Шлиц неторопливо достал сигару. Превосходную сигару, стоимостью восемьдесят евро за штуку. Лет десять назад ему пришлось бросить курить, чтобы продлить на год-другой то жалкое существование, которое врачи по недоразумению прозвали «жизнью». Теперь он снова мог получать наслаждение от лучшего в мире табака, абсолютно не опасаясь за свое здоровье.
– Черт, опоздал. Вот они – старческие маразмы. Какое счастье, что чаша сия меня миновала. А Франца жаль. Слишком многое нас связывало. Надо как-то переубедить старика, – подумал он.
– Я всегда был против смертной казни, но твоих благодетелей убил бы своими руками, – неожиданно заявил Кречмер. – Неужели так трудно понять, что индивидуальное бессмертие ведет к гибели человечества. Или слишком велико искушение?
Для старого маразматика он рассуждал на удивление здраво. Правда, Шлиц ничего не понял и спросил:
– Это почему же?
– А сколько ты рассчитываешь прожить? – в свою очередь спросил Кречмер.
– Пока не надоест, – самонадеянно бросил Шлиц.

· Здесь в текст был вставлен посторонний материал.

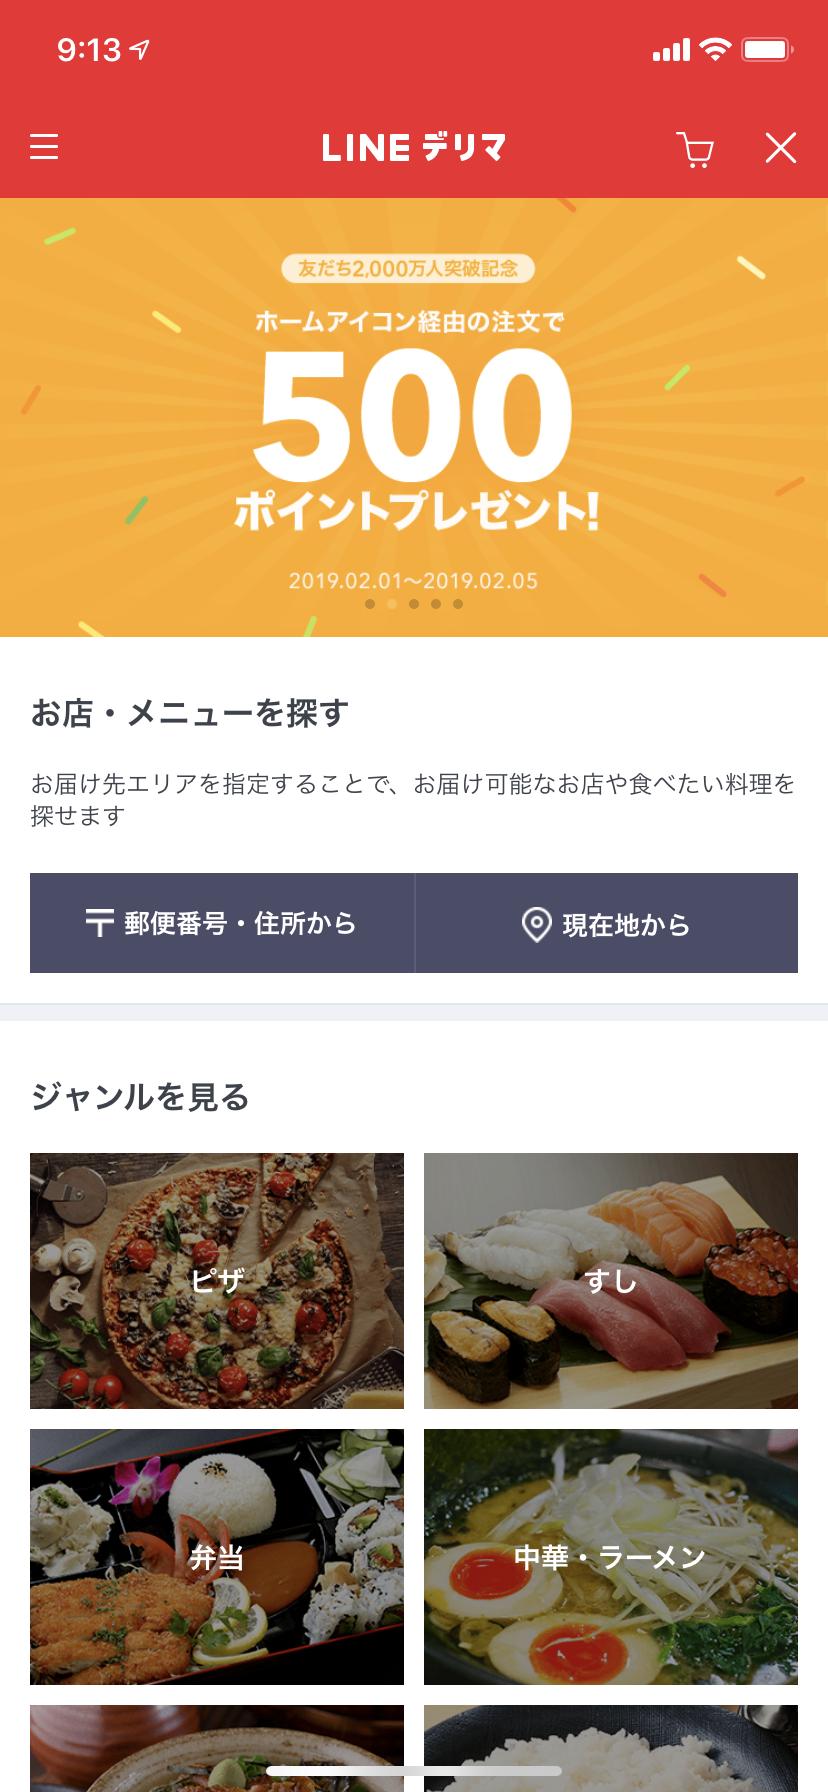 【ハナタカ情報】 LINEアプリの中のLINEデリマで注文すると、2月5日まで1,500円オフになるらしい。 石垣ではピザーラが該当。

– У-у, это надолго. Теперь представь, что лет через двести-триста, когда население Земли увеличится многократно, судьбу человечества будут решать люди, родившиеся в конце двадцатого – начале двадцать первого века. Какие принципиально новые научные, экономические, управленческие идеи могут возникнуть в их закостеневших умах, впитавших традиции, опыт, открытия двухсотлетней давности, что ценного они смогут дать своим народам? Да ничего. Мир погрузится в хаос, голод и нищета станут причинами жестоких войн, а те, в свою очередь, обретут человечество на окончательную деградацию.
– Франц, помнишь, что говорил тренер купленной нами футбольной команды, о главном секрете успеха в любом деле?
– Давно это было. Хотя… Постой, постой. Кажется, что-то о драгоценном сплаве молодости и опыта.
– Совершенно верно. А теперь я прошу, чтобы ты крепко-накрепко усвоил одну вещь: никто не собирается превращать все население Земли в расу бессмертных. Это удел элиты: самых богатых и тех, кого мы почитаем достойными бессмертия, от силы один процент населения. Все остальные будут рождаться, жить и умирать в полном соответствии с законами природы. Так что ты зря, притока свежей крови будет больше чем достаточно. И не вижу ничего страшного в том, что общее руководство каждым новым поколением возьмут на себя умные люди с громадным жизненным опытом. Нет, не хаос ожидает нас всех, а невиданное процветание.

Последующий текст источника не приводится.